# [Required action]
Repeat every line of the data exactly; no picture belongs in the copy.

# [Source data]
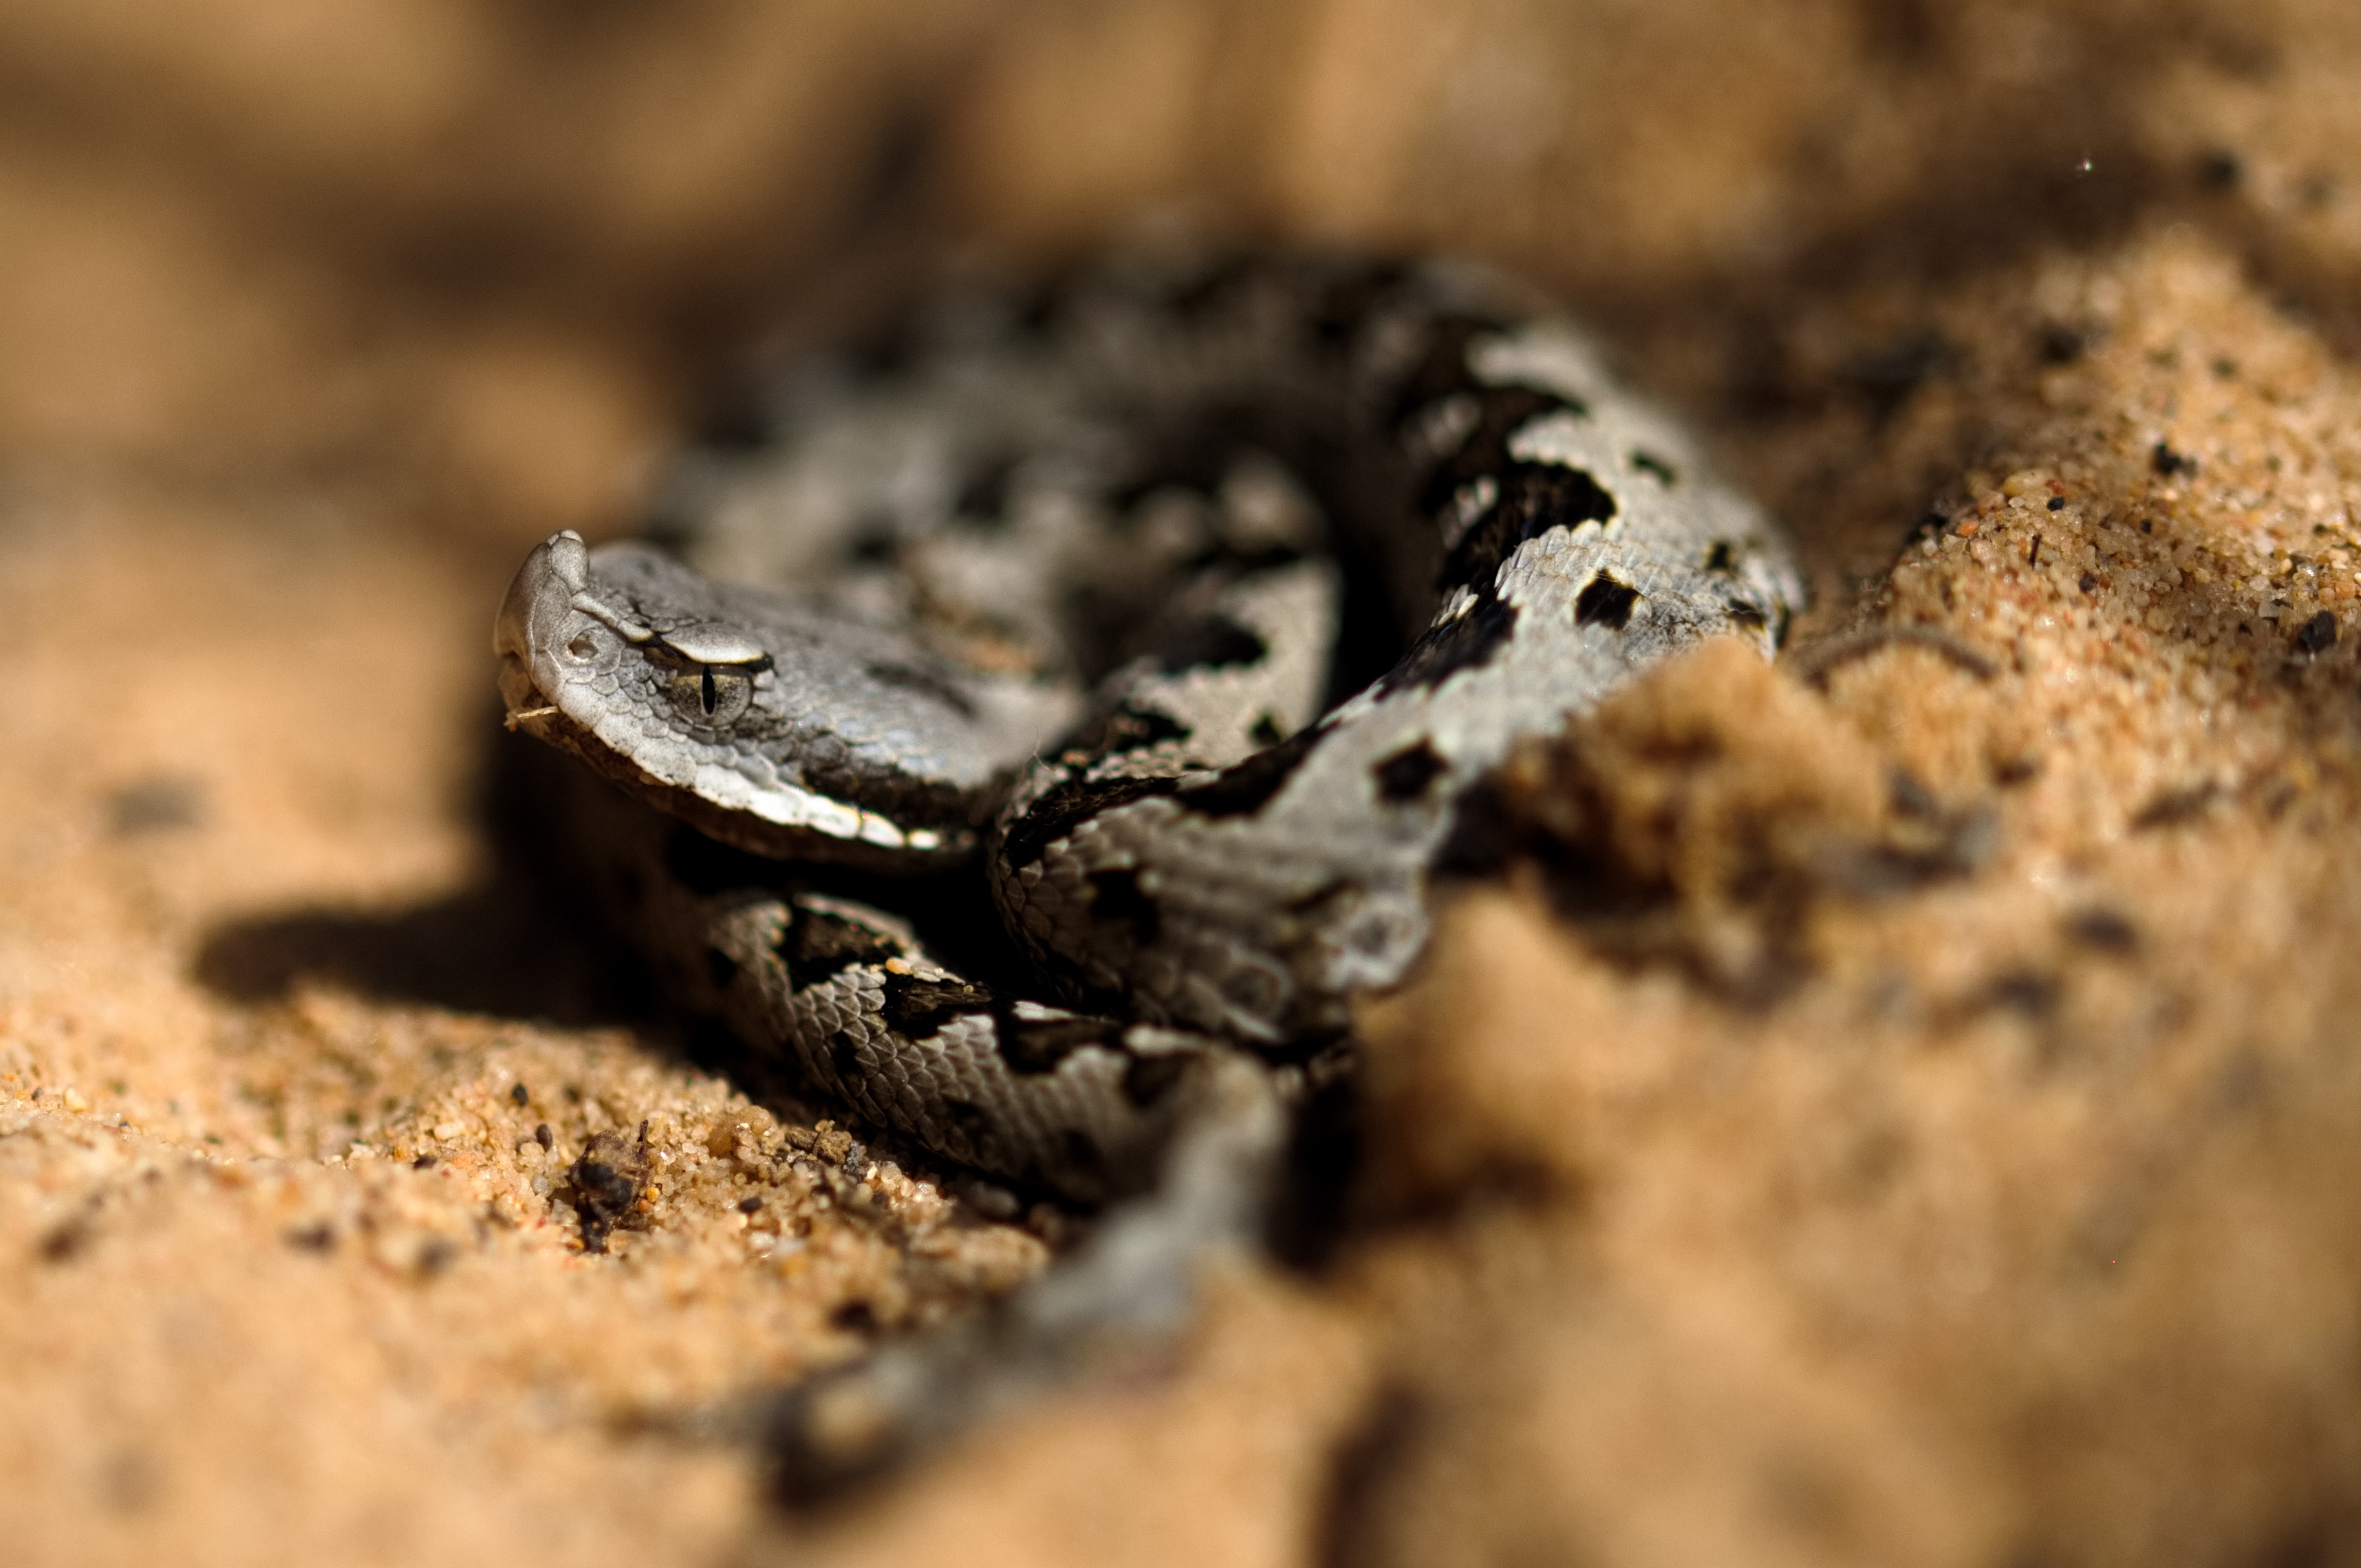 juvenil of V. latastei at Doñana Biological Reserve. Author: Mizar Torrijo-Salesa
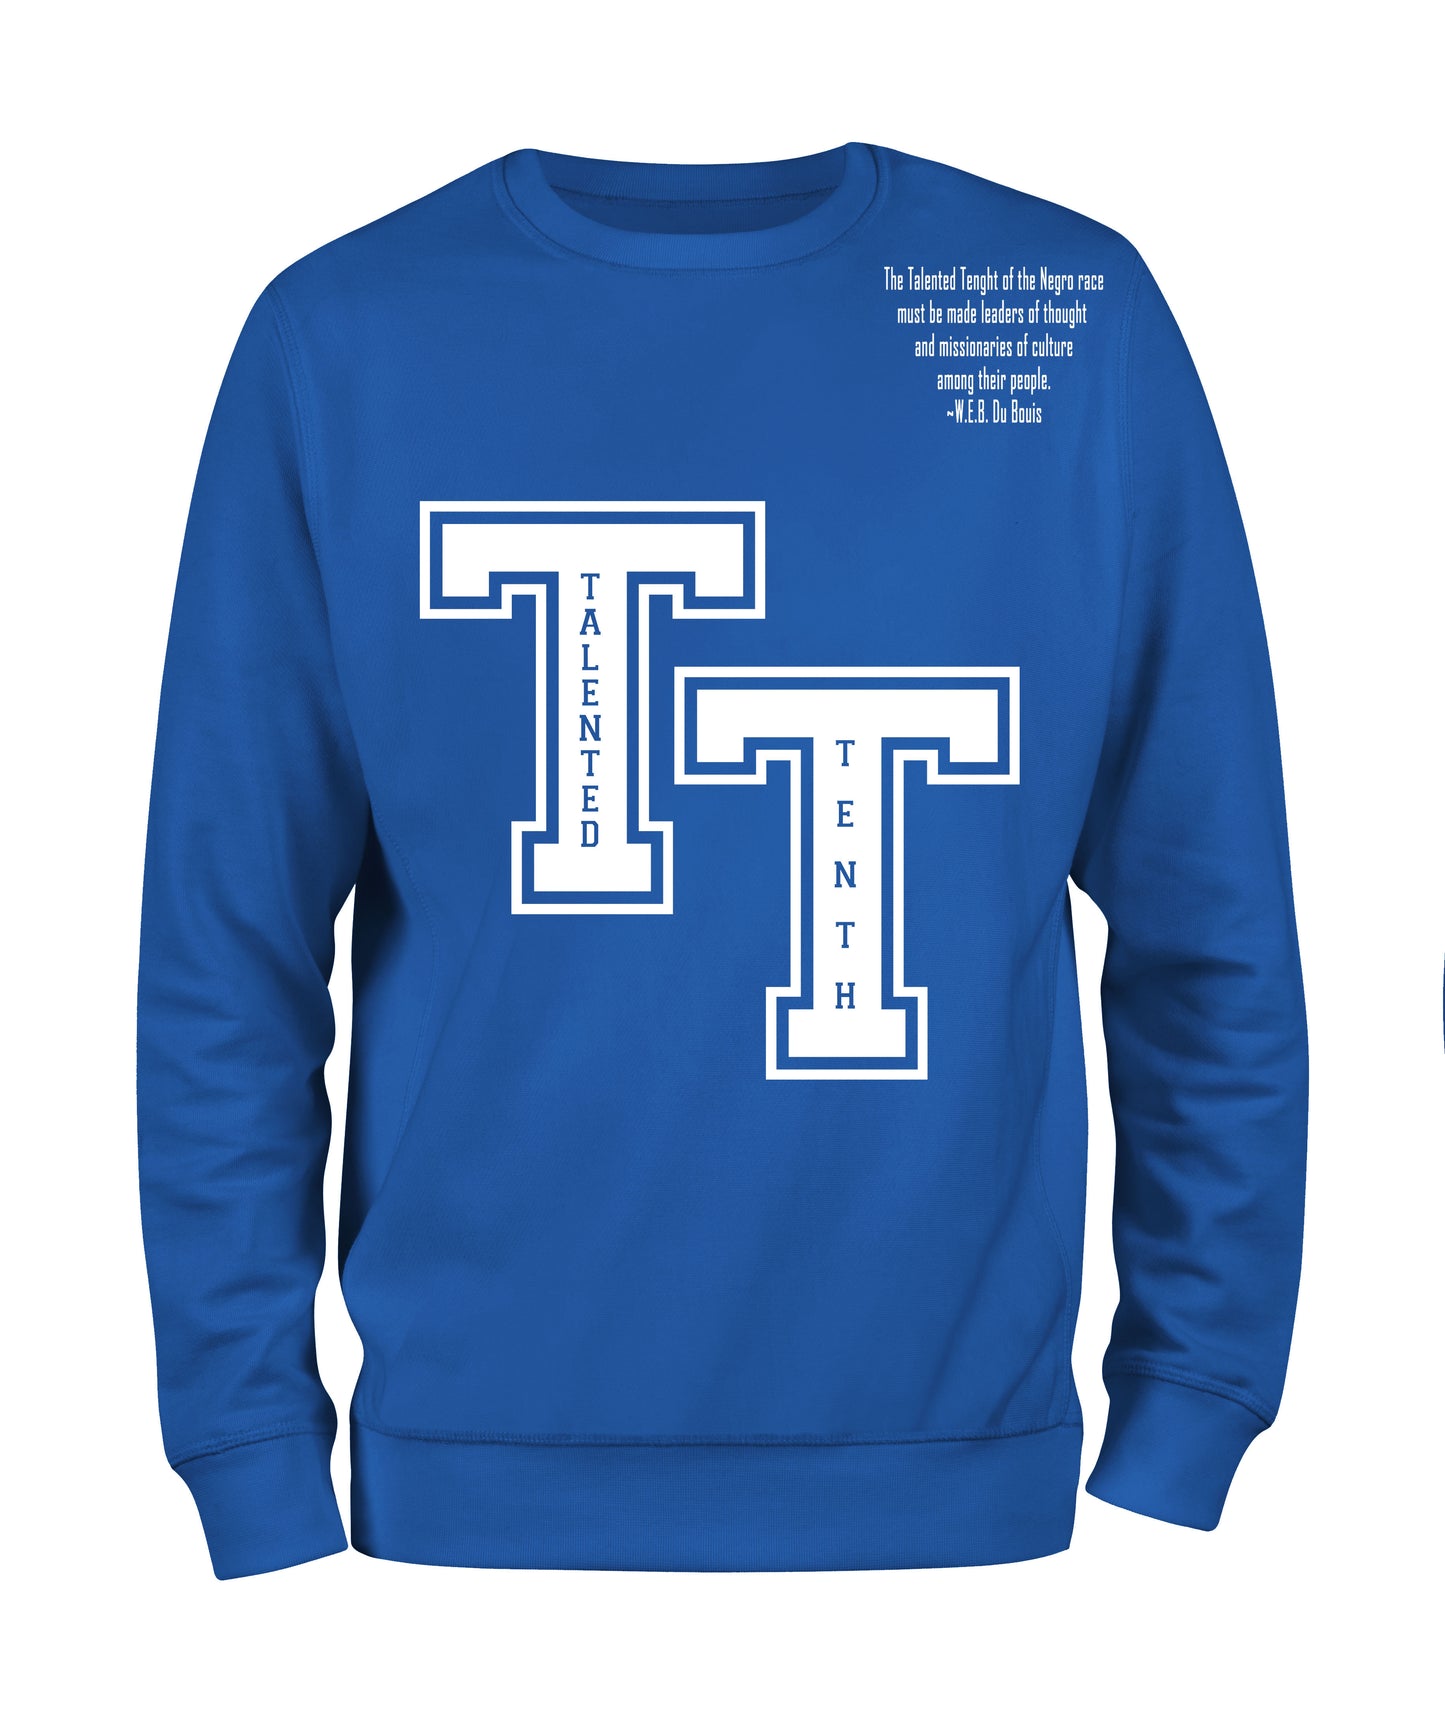 Talented Tenth Sweatshirt - Black10.com
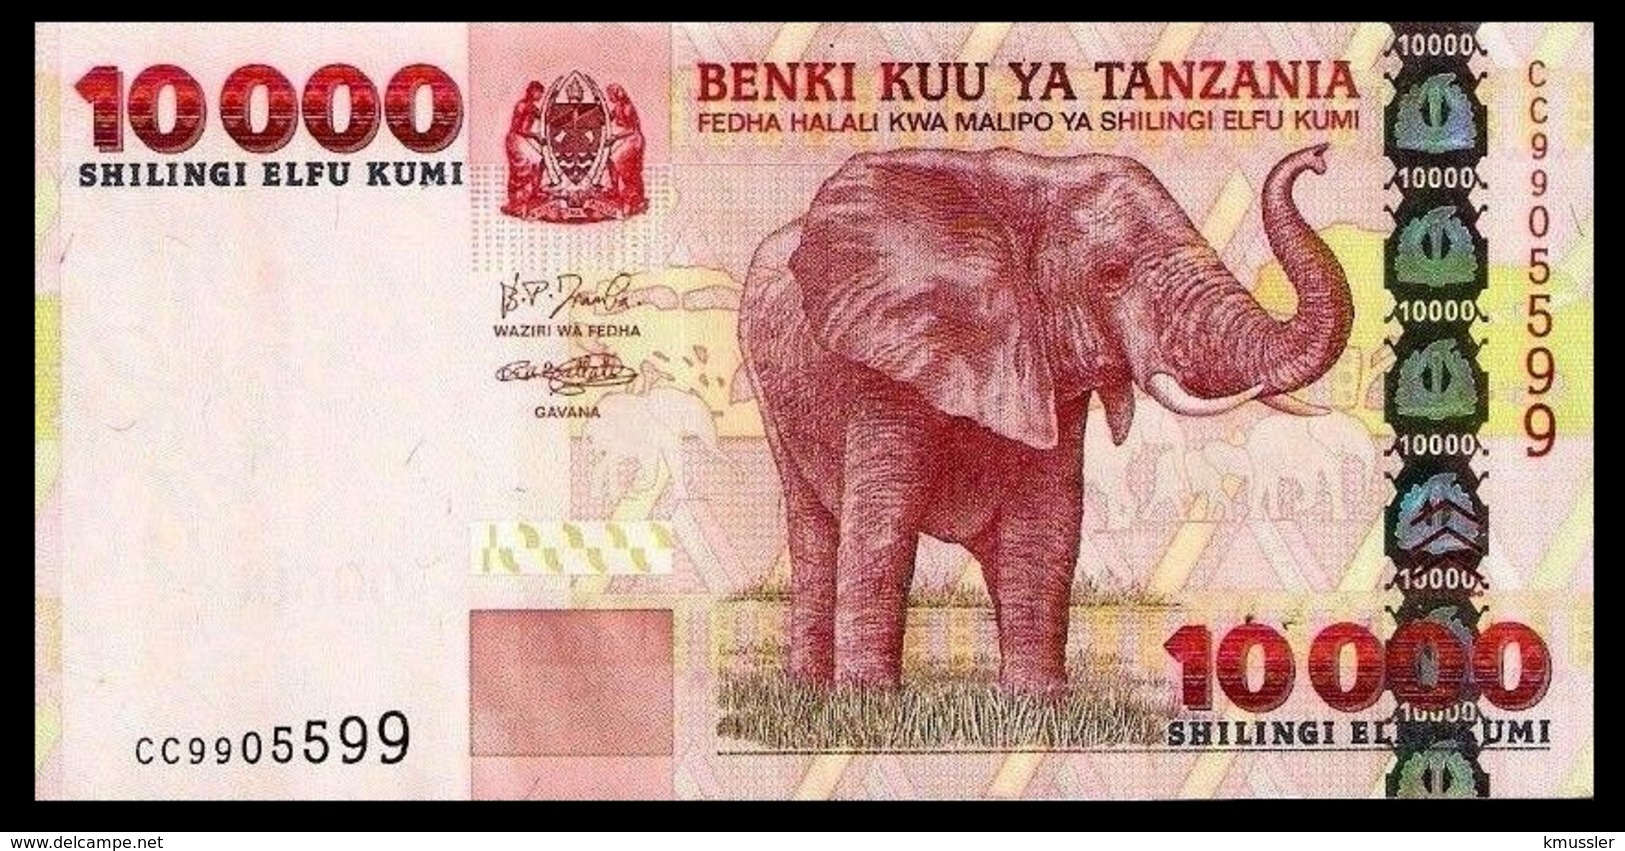 # # # Banknote Tansania (Tanzania) 10.000 Shillingi UNC # # # - Tansania

# [Exercise response]
 juvenil of V. latastei at Doñana Biological Reserve. Author: Mizar Torrijo-Salesa
 Talented Tenth Sweatshirt - Black10.com
 # # # Banknote Tansania (Tanzania) 10.000 Shillingi UNC # # # - Tansania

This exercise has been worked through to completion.